Teaching Artist Statement
I believe music and arts education provide an invaluable asset to our growth and development, at any point in life. I also believe that if we treat the study of music as seriously as a difficult subject in school, and as enthusiastically as the pursuit of a lifelong hobby, boundless progress and opportunity will arise. I believe that everyone is capable and deserving of a high quality music education, and potential students of mine need only to realize one thing: With patience, care, and effort, nothing will stop you from mastering the art of classical music. It is a mission of mine to train my students to one day function as their own teachers, to hear themselves play as if they are hearing another play.

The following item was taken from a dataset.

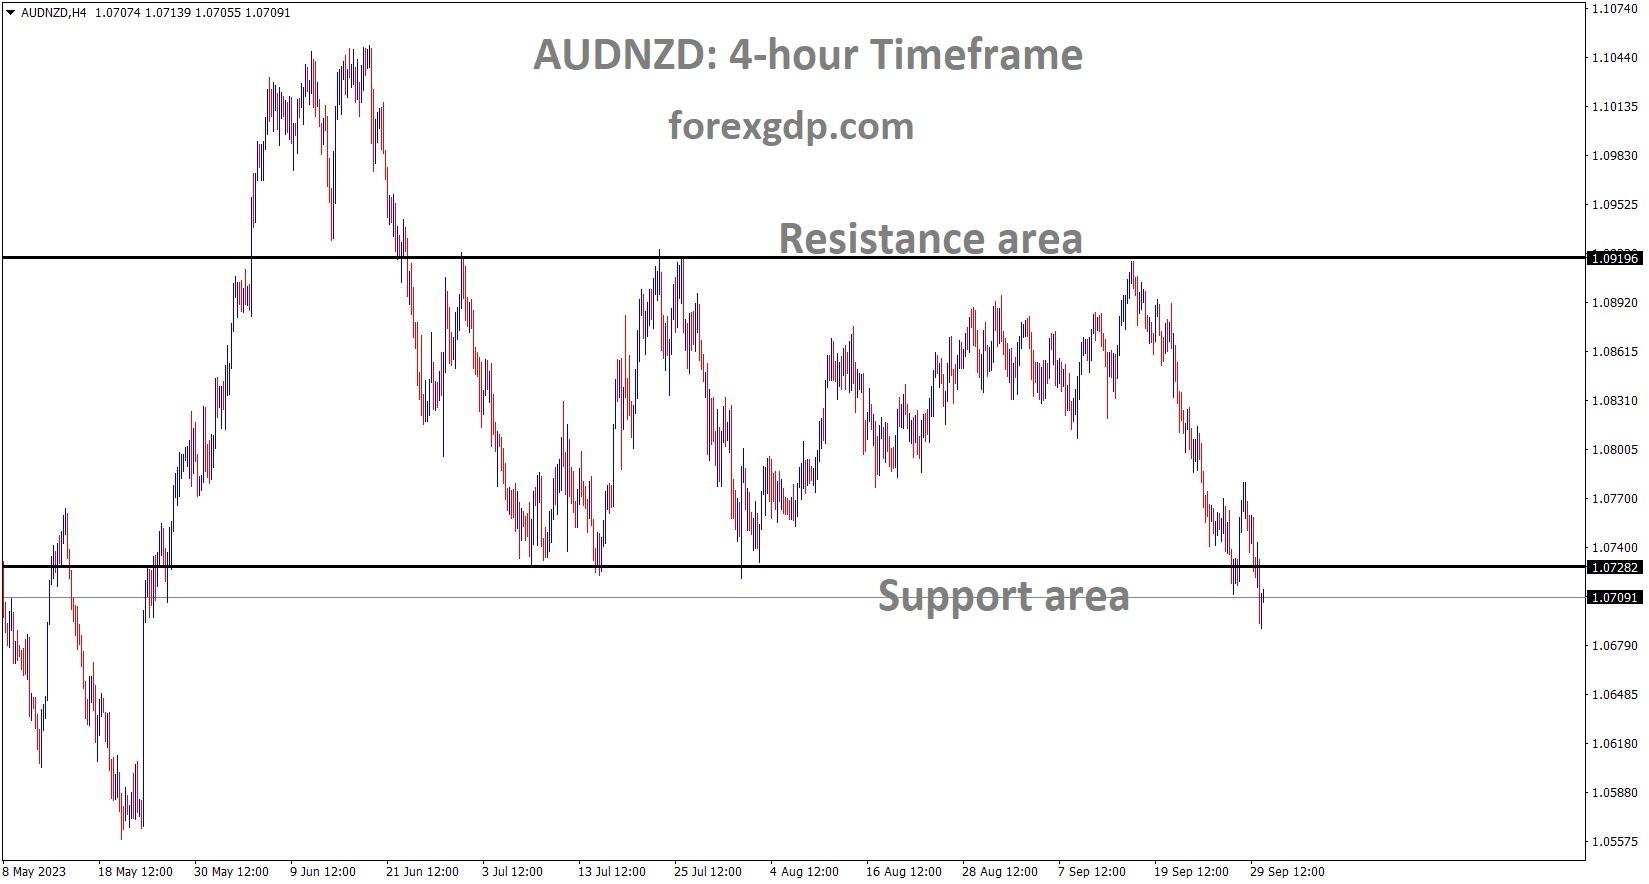 AUDNZD is moving in the Box pattern and the market has reached the support area of the pattern
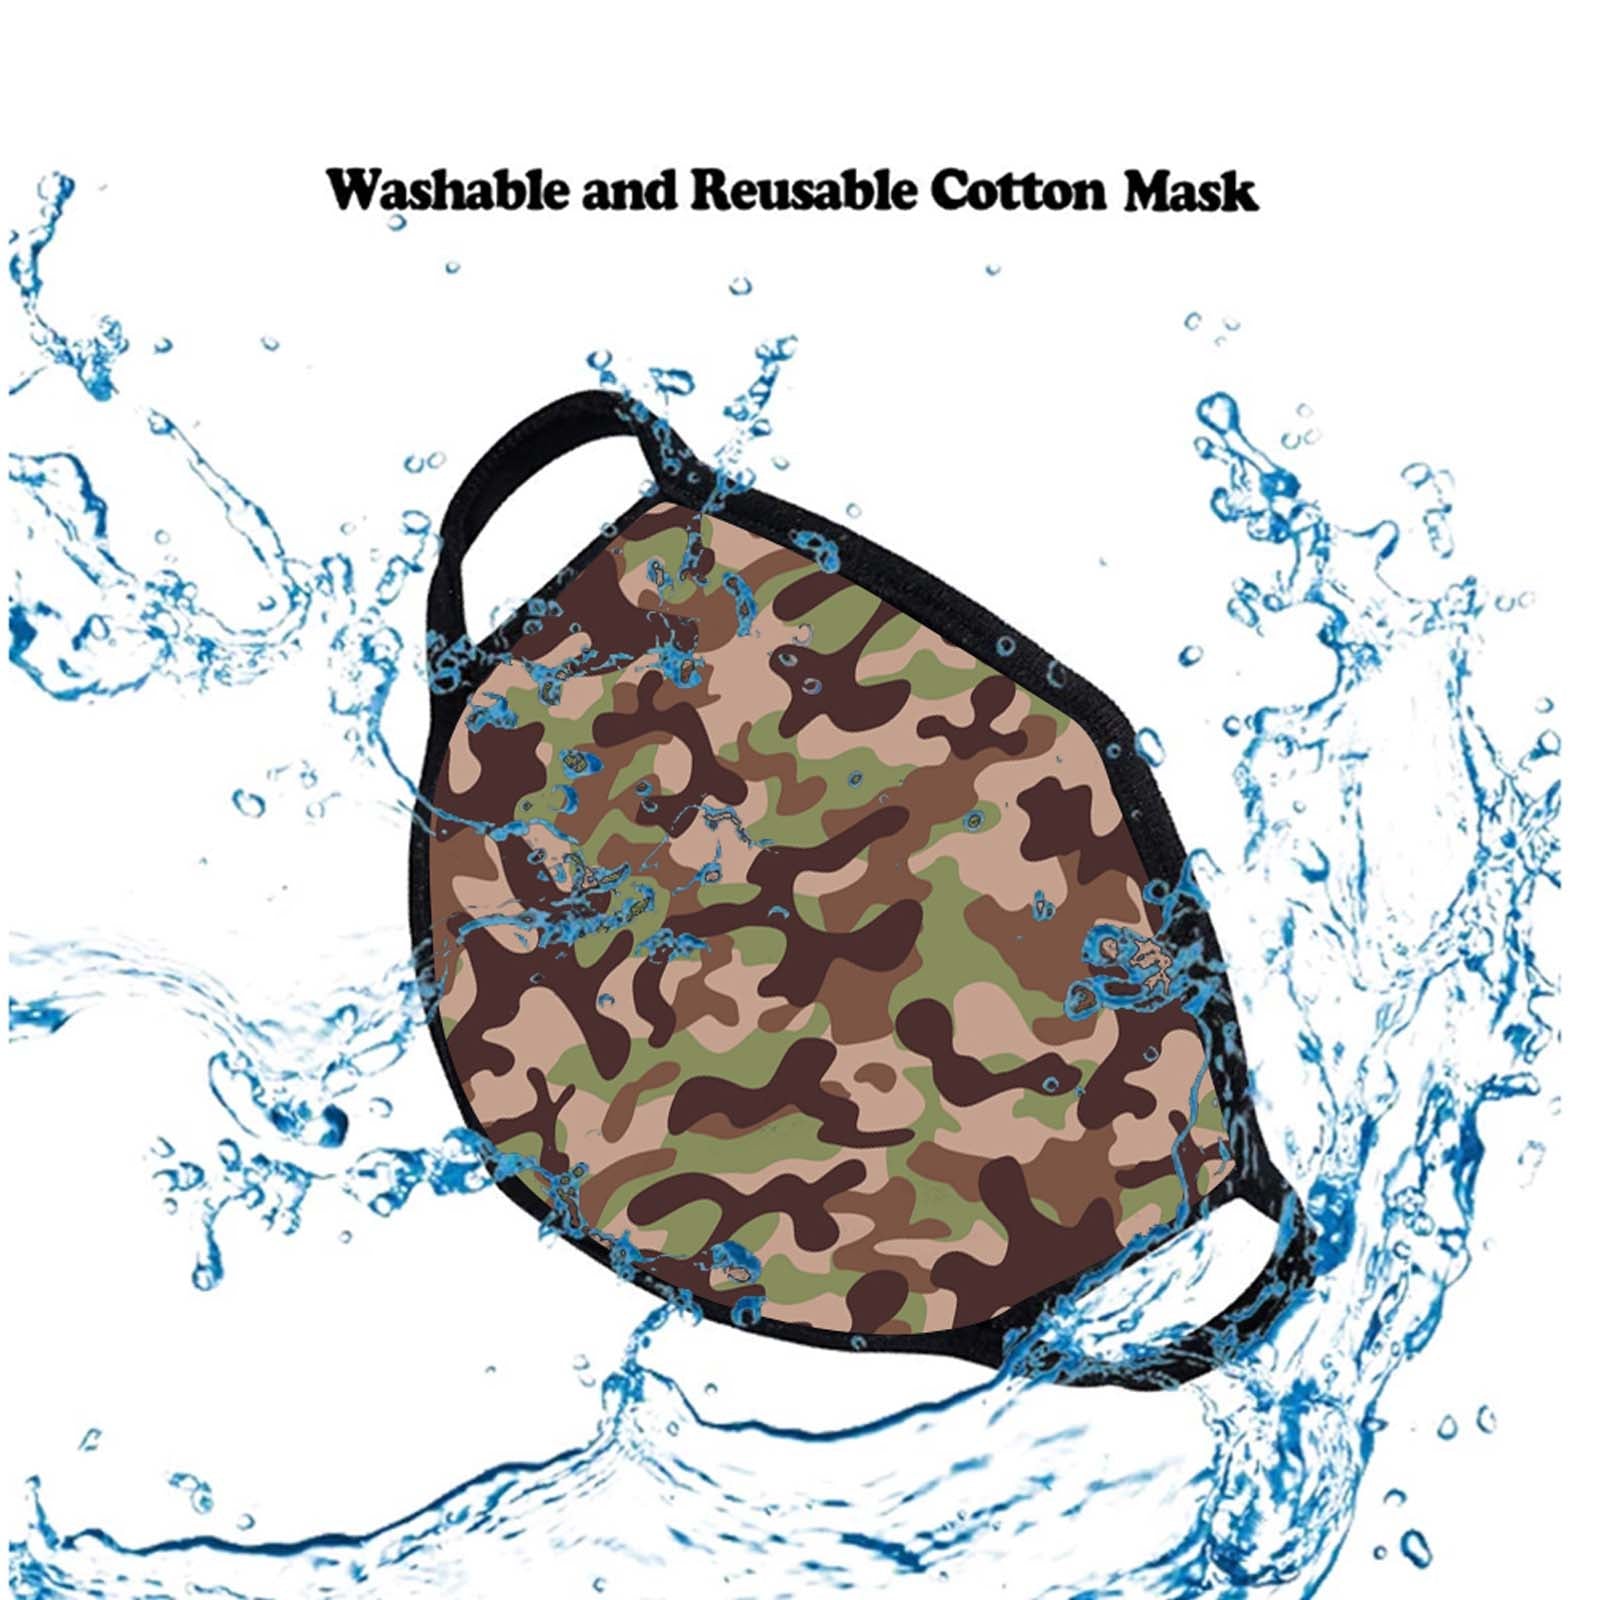 FCM-003 Camo Print Fabric Face Mask Double Layer Set of 2

In doing so they begin to hear and develop their own voice.
Teaching Bio
Alexander Morollo began his training at the age of six under renowned composer and piano pedagogue Dianne Goolkasian Rahbee. Along with a BM from Emerson College, Alexander was awarded an undergraduate diploma and an MM in Piano Performance under the tutelage of Dr. Hugh Hinton from the Longy School of Music, where he also received a Teaching Artist certification. An avid teacher, Alexander is teaches at the Community Music Center of Boston and the Encore Music Academy. Throughout his teaching career he has prepared students for proficiency exams in piano, sight reading, solfege, and music theory. He continues to do so through the Royal Conservatory of Music. During his undergraduate education at Longy, he was chosen by the school to co-instruct graduate students in secondary piano through classroom instruction and private lessons. Several students of his have been accepted into Bachelor of Music programs themselves, most recently at the Berklee School of Music in Boston and Ithaca College in New York. Alexander is a member of the Music Teachers National Association and the 2015 recipient of the Mary Ellis Smith Prize for ‘Excellence in the Art of Piano Pedagogy.’ He started teaching at South Shore Conservatory in 2017.
Performing Bio
Award-winning teacher and pianist Alexander Morollo has performed at piano festivals, master classes, and in competitions both as a solo recitalist and chamber musician throughout the United States and Canada. Along with a BM from Emerson College, Alexander was awarded an undergraduate diploma and an MM in piano performance at the Longy School of Music. He has performed in masterclasses for Marvin Blickenstaff, Andreas Klein, and Mykola Suk among many others. Highly trained in conducting and music theory as well, he has studied with Judy Ross and conductors Julian Pellicano and Geoffrey McDonald. Alexander won the Catherine Dower-Gold Performing Arts Award and First Prize in the Young Artists Piano Competition of Western Massachusetts and Connecticut in the highest division. He started teaching at South Shore Conservatory in 2017.